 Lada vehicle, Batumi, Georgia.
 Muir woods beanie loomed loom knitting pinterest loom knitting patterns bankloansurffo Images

...

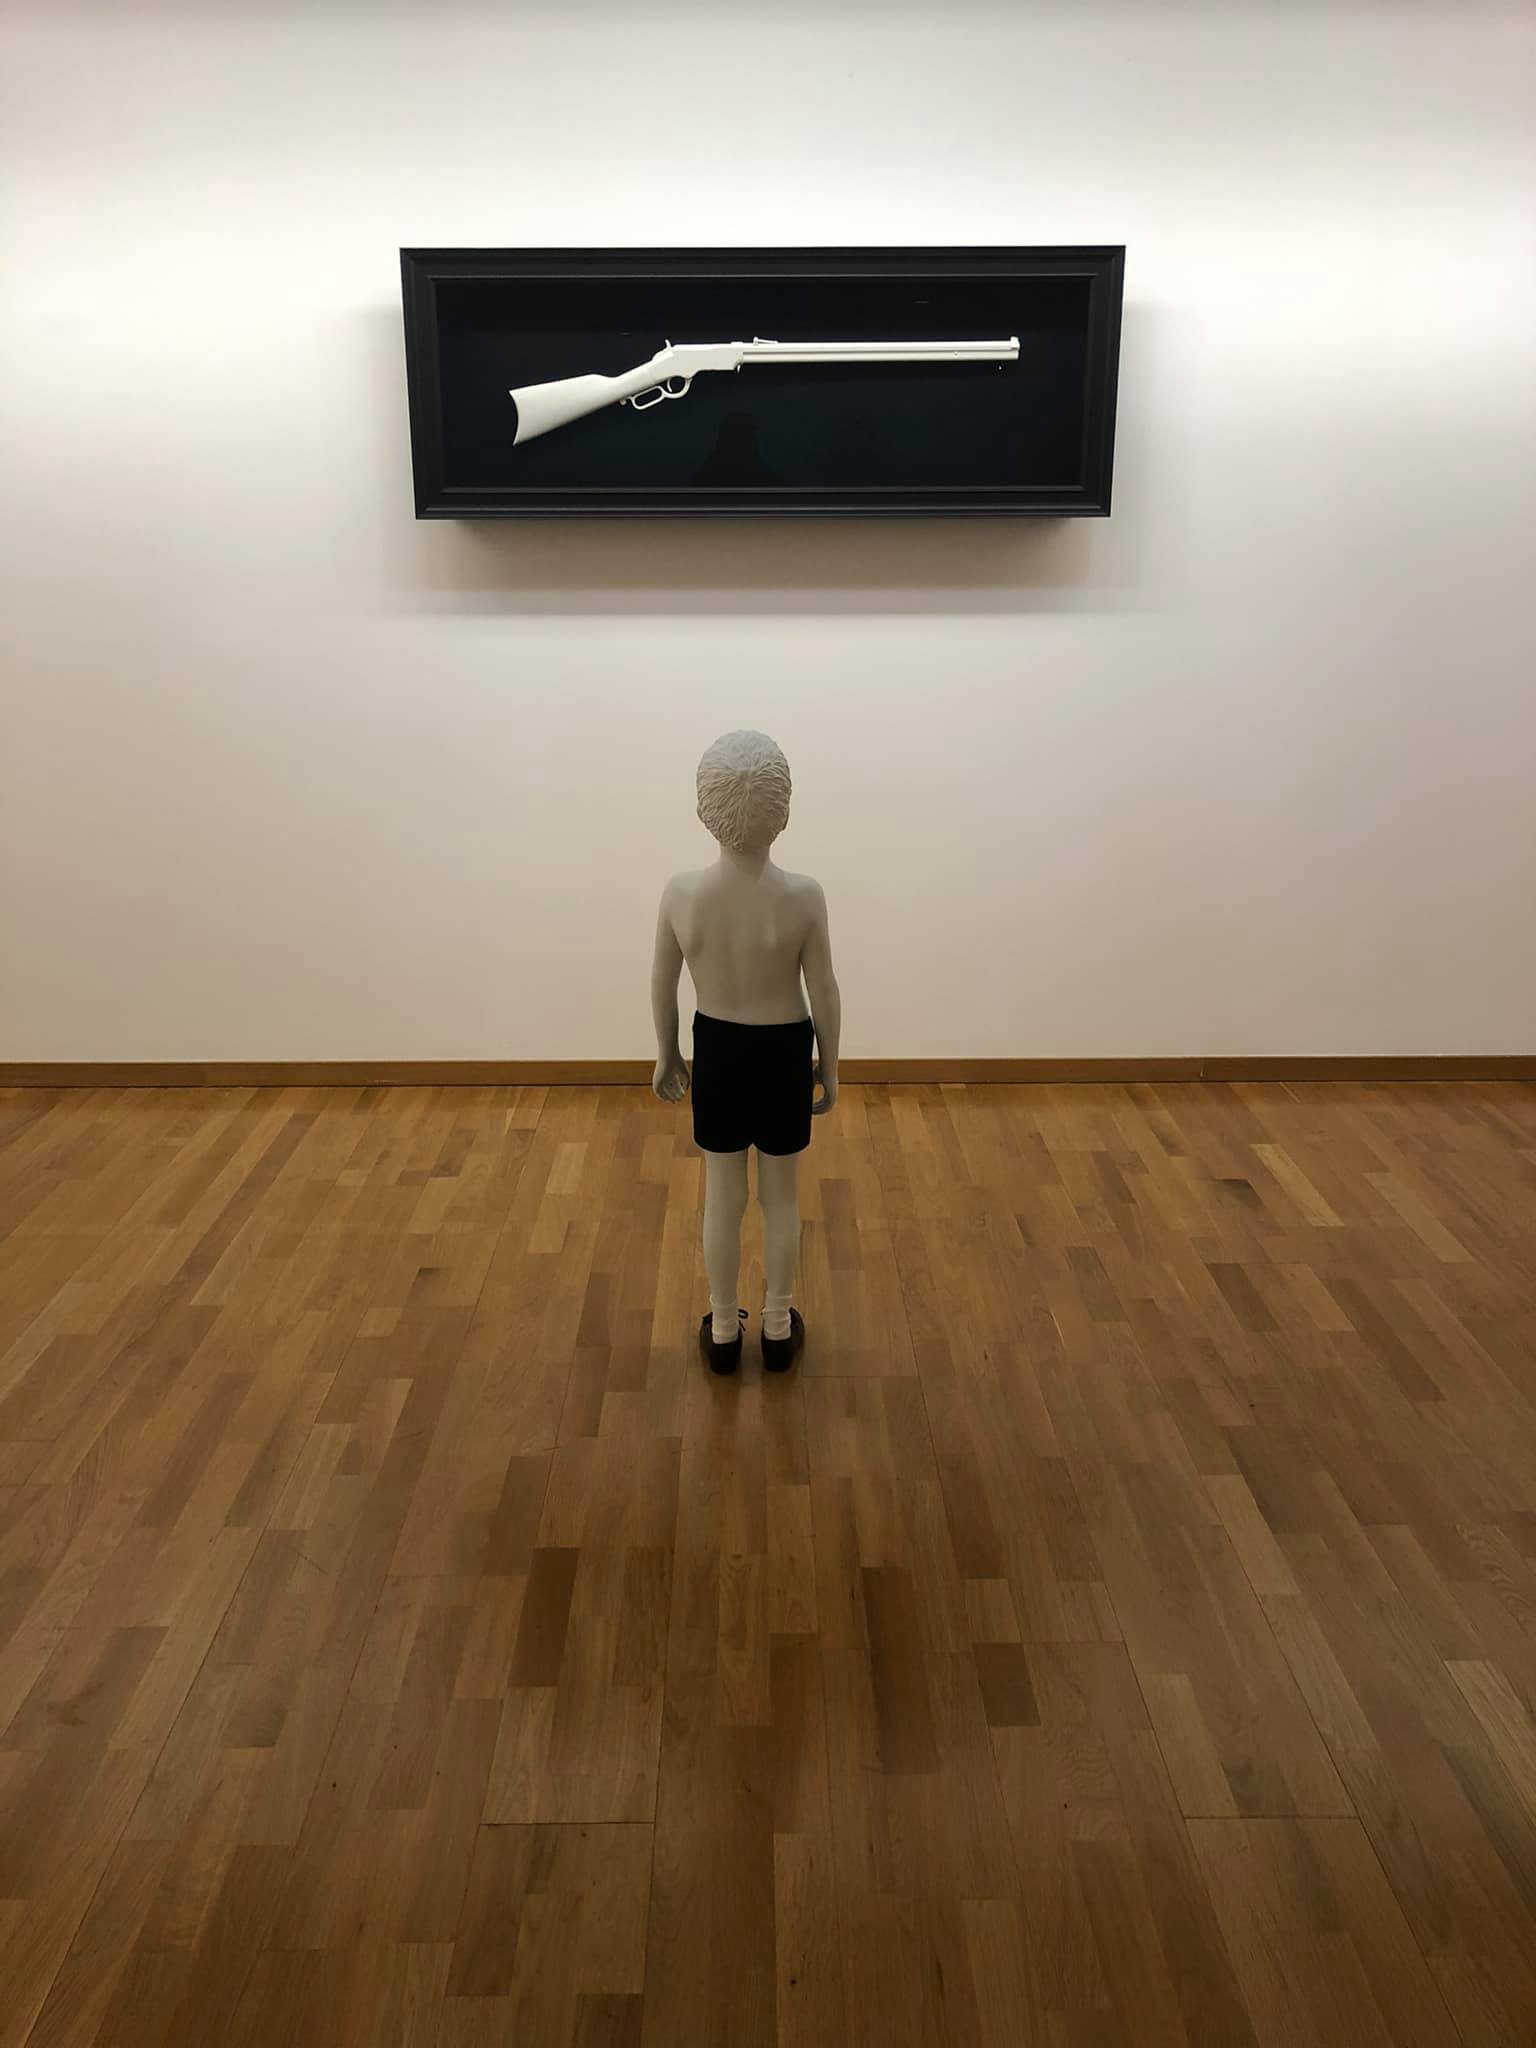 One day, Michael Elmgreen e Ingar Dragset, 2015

● What to produce
Among the entries above, locate the lines containing "Lada vehicle, Batumi, Georgia." and "Muir woods beanie", and transcribe exactly those two lines and all lines between.

● Exercise response
 Lada vehicle, Batumi, Georgia.
 Muir woods beanie loomed loom knitting pinterest loom knitting patterns bankloansurffo Images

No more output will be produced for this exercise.